From: <Beth.Fulton@c...>
Date: Wed, 24 Jan 2007 01:40:58 +1100
Subject: [GZG] RE: [GZG Fiction] Rejoining the Airforce

Rejoining The Airforce

New Guardian Times, Harper Airforce Base, December 5th, 2196.

It has been nearly two years since I last spent any significant time as
guest of our Air forces. In the short spot I have available tonight I
will endeavour to elucidate for you what this wing has become in this
theatre of the war on the Krak. 

I must confess that over the last year or so I have written so much
about the ground and naval forces here on Mars that I have become some
what enamoured, some would say obsessed with them. The infantry in
particular have caught my attention and blinded me to the plight of the
other services. Our grunts live and die so miserably and with such
determined acceptance that they draw your admiration as if all else
worthy of attention had ceased to exist. 

An individual's existence is a running movie of all they can perceive
within a few hundred metres of them. This has been the base of
philosophical debates far beyond this report for many centuries. For
some one caught up in war this means the world is concentrated down in
their personal fight against the enemy and their interactions with the
small knot of people who they interact with day-to-day. When caught up
in this way, the mind focuses in providing exceptional tunnel vision
that makes it easy to forget the millions that are also caught up in the
misery of conflict, caught up as you are in your intentness on your own
experiences, your own one hundred metres. 

This is exceedingly unfair however. All wings fight as hard, to the best
of their abilities and fullness of heart. All suffer, though often in
different ways and different dimensions. This means when you switch from
one wing to another, as a reporter, you are forced to make some
psychological adjustments. Reset the frame of reference. For instance, a
pilot's association with death is on a substantially different basis,
particularly for those directing VR fighters. 

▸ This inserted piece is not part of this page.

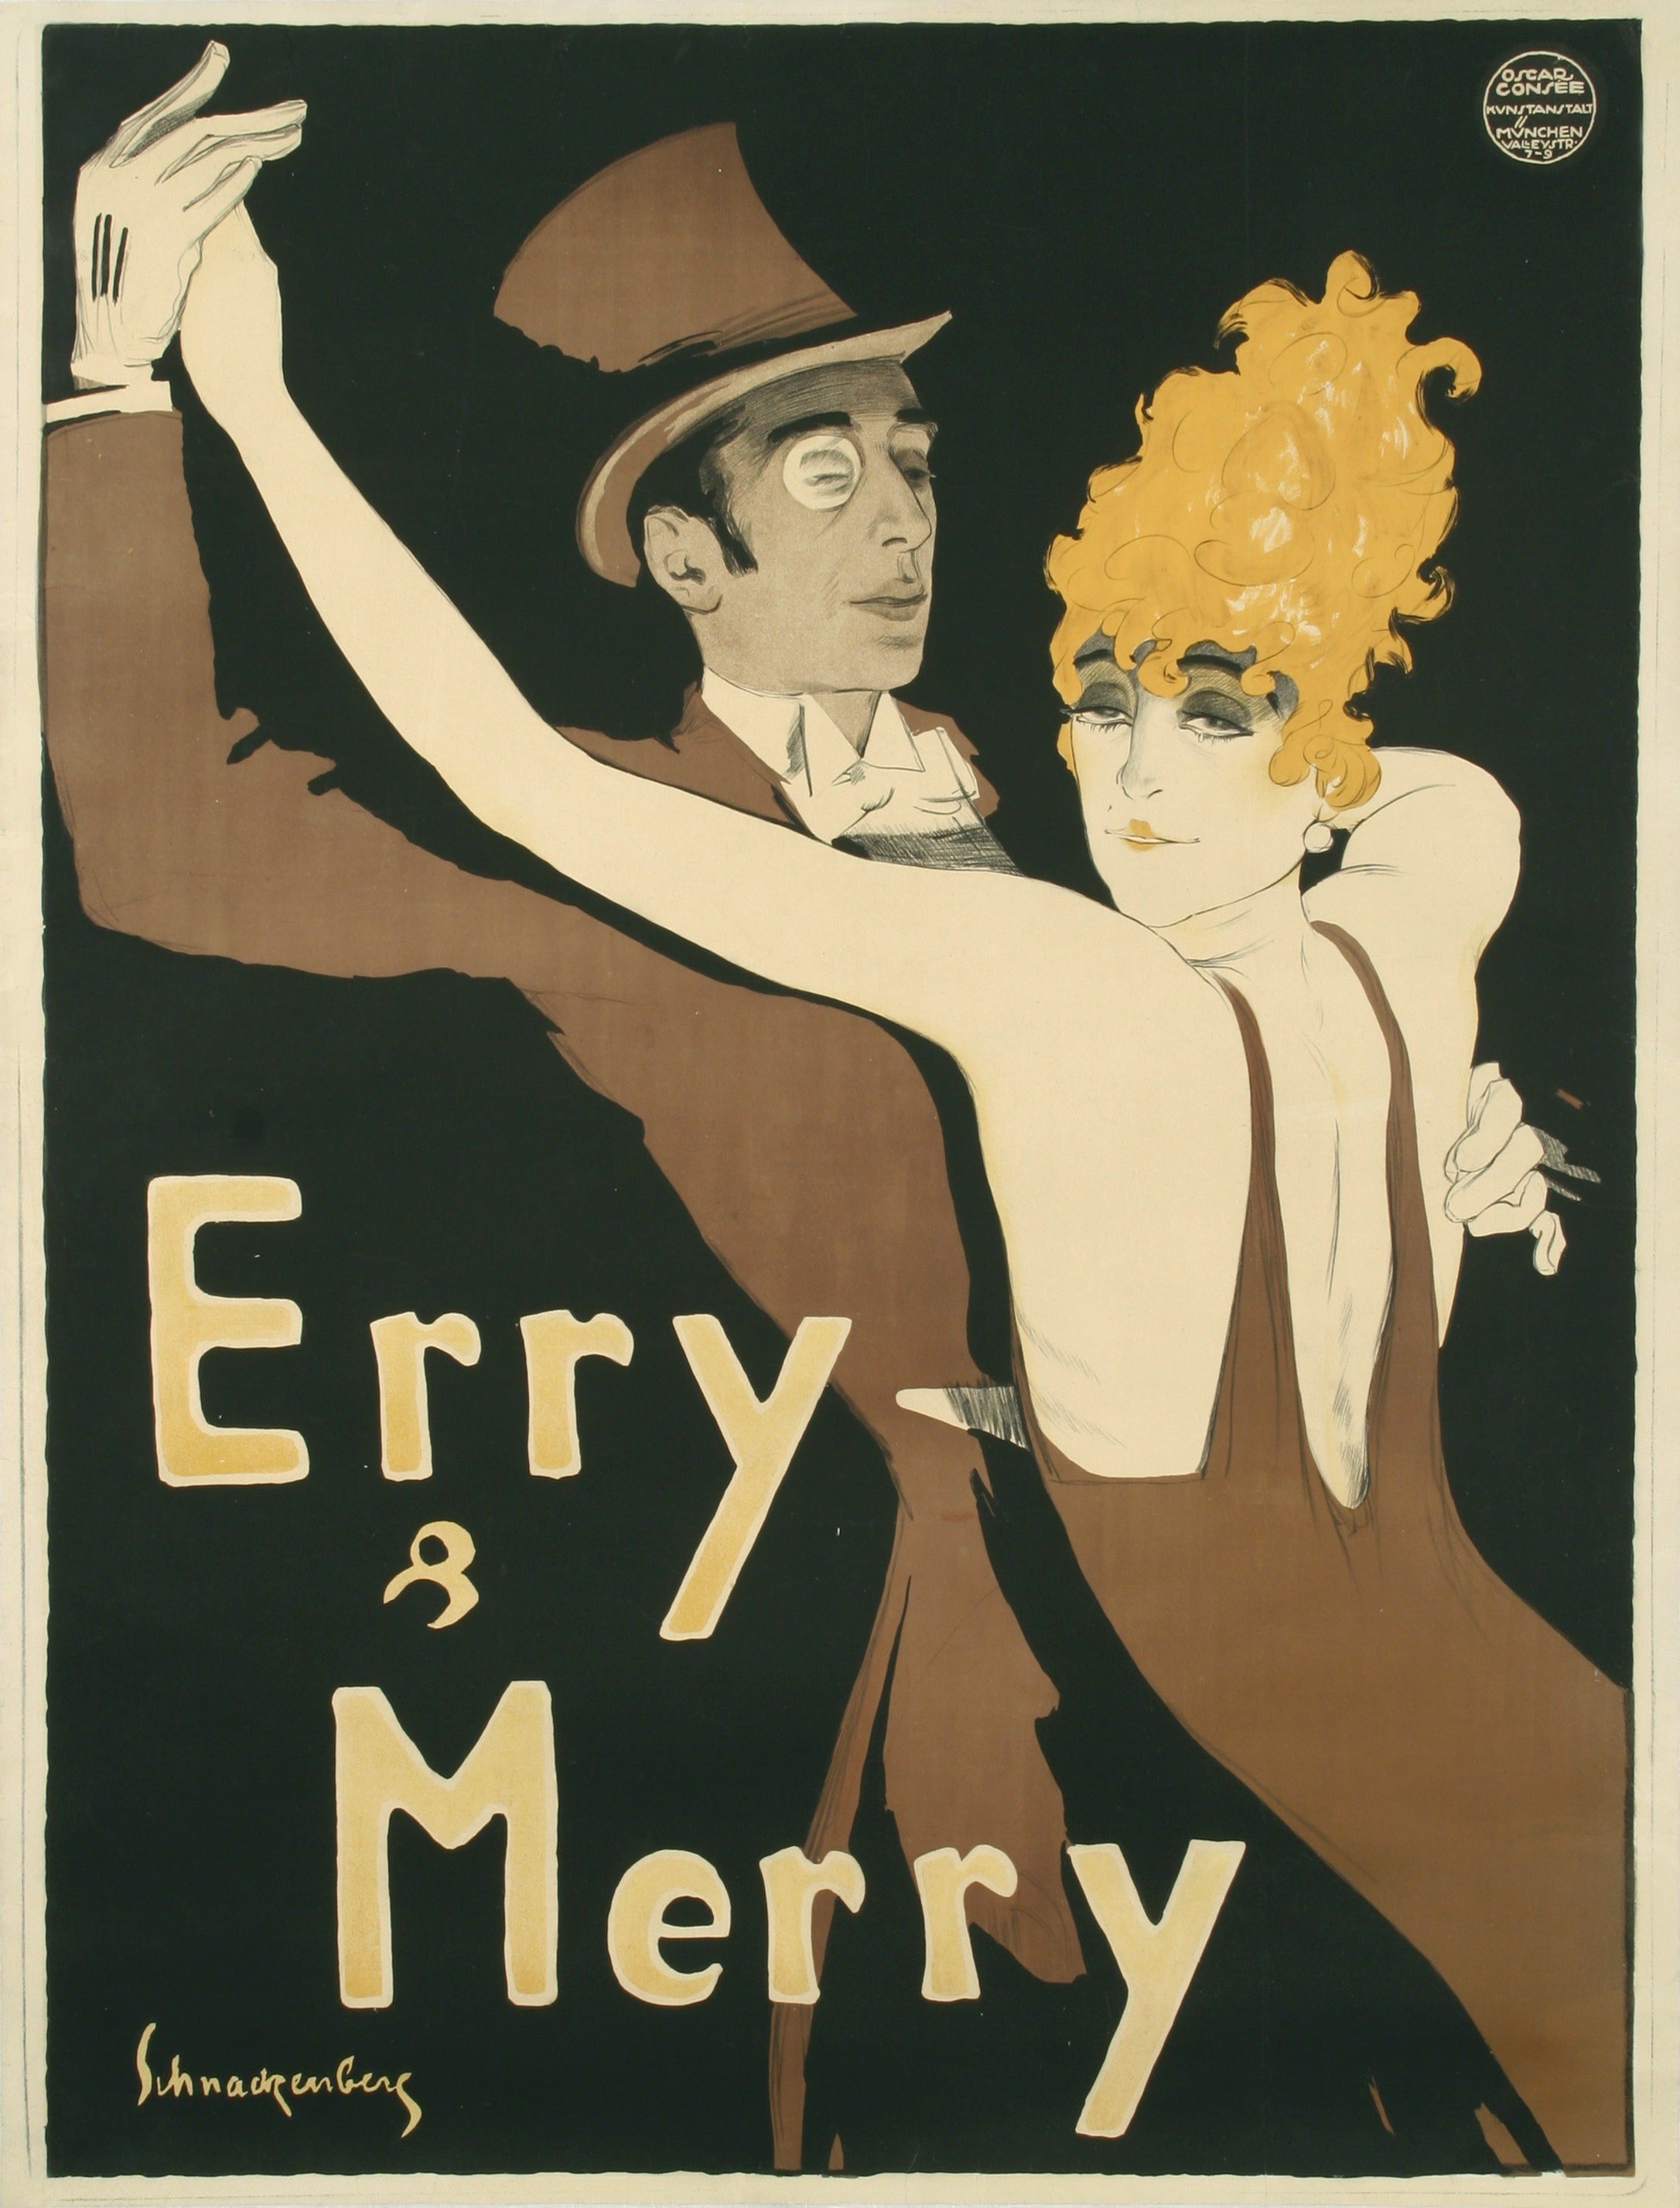 Walter Schnackenberg German "Erry & Merry" Dance Team Poster, 1912 - Rare

Compared to the often gritty and brutish conditions of the grunt, the
Airforce at least gets the relative luxury of facing death well-fed and
clean suited. Not that that is much comfort. If you ever leave the base
it's only for a few hours at a time and with each return you're
guaranteed a bed, showers and a meal. Not for you the endless days of
camping in the cold and mud. 

There is none of the beastliness, the return to grooming habits of
bygone ages with the Airforce. Anything that puts you at ease amongst
grunts must be stood on its head with the air services or you'll feel
self-conscious and apt to abuse as a non-conformist flaunting their
status as an outsider. So I've abandoned the stubble and dusty wrinkles
of my time with the assault on San Juan for a clean shaven face and a
new hair cut. I've even gone and bought a new outfit. A form fitting
jumpsuit and knee boots. The new toned body I have after weeks toiling
at the front finally making such a get-up actually look good on me. Also
this way I do not stand out like a sore thumb amongst the jostling,
joking mass of flyers that swarm to and fro over Harper Airforce base.

I am not casting aspersions, the members of the Airforce are not vain,
no less committed than mud coated cussing infantry men. They have just
found that war happens for them under a different banner. 

This was no clearer to me than when I went to claim my rack in the
squadron dorm. I've been attached to the 127th VR squadron, though it is
actually a mixed unit with some live sortie flyers. They all bunk
together, irregardless of rank, in a large purpose built apartment
complex. Its origins rather obvious from the fact it closely resembles
the lay out of most government housing projects. 

There are 6-8 men per room, each with their own bed (usually in
plastisteel frame bunks), with a small shelf to put their things on and
a locker to stow their clothes and other gear. They have electric
lighting, an eternal pot of coffee on the heater, eat at tables sitting
on padded chairs and even have cleaning crews to do their dishes. Their
clothes come back from the Laundromat clean and pressed and crisp. There
are a couple of bars lining the communal square and a small gym. There
is even a raucous recreational centre with holo-vids, VRbooths, book
exchanges, racket ball courts, a pool, card rooms and even a couple of
real pool tables. Dating is even sanctioned. 

This is no doubt giving you the wrong impression. A civilian confronted
with such conditions would find them rudimentary, confronting and
restrictive. Life is not luxurious by common standards. It is only that
I was presented it in stark contrast to the hell of the San Juan front
line that made it seem such a sweet paradise to me.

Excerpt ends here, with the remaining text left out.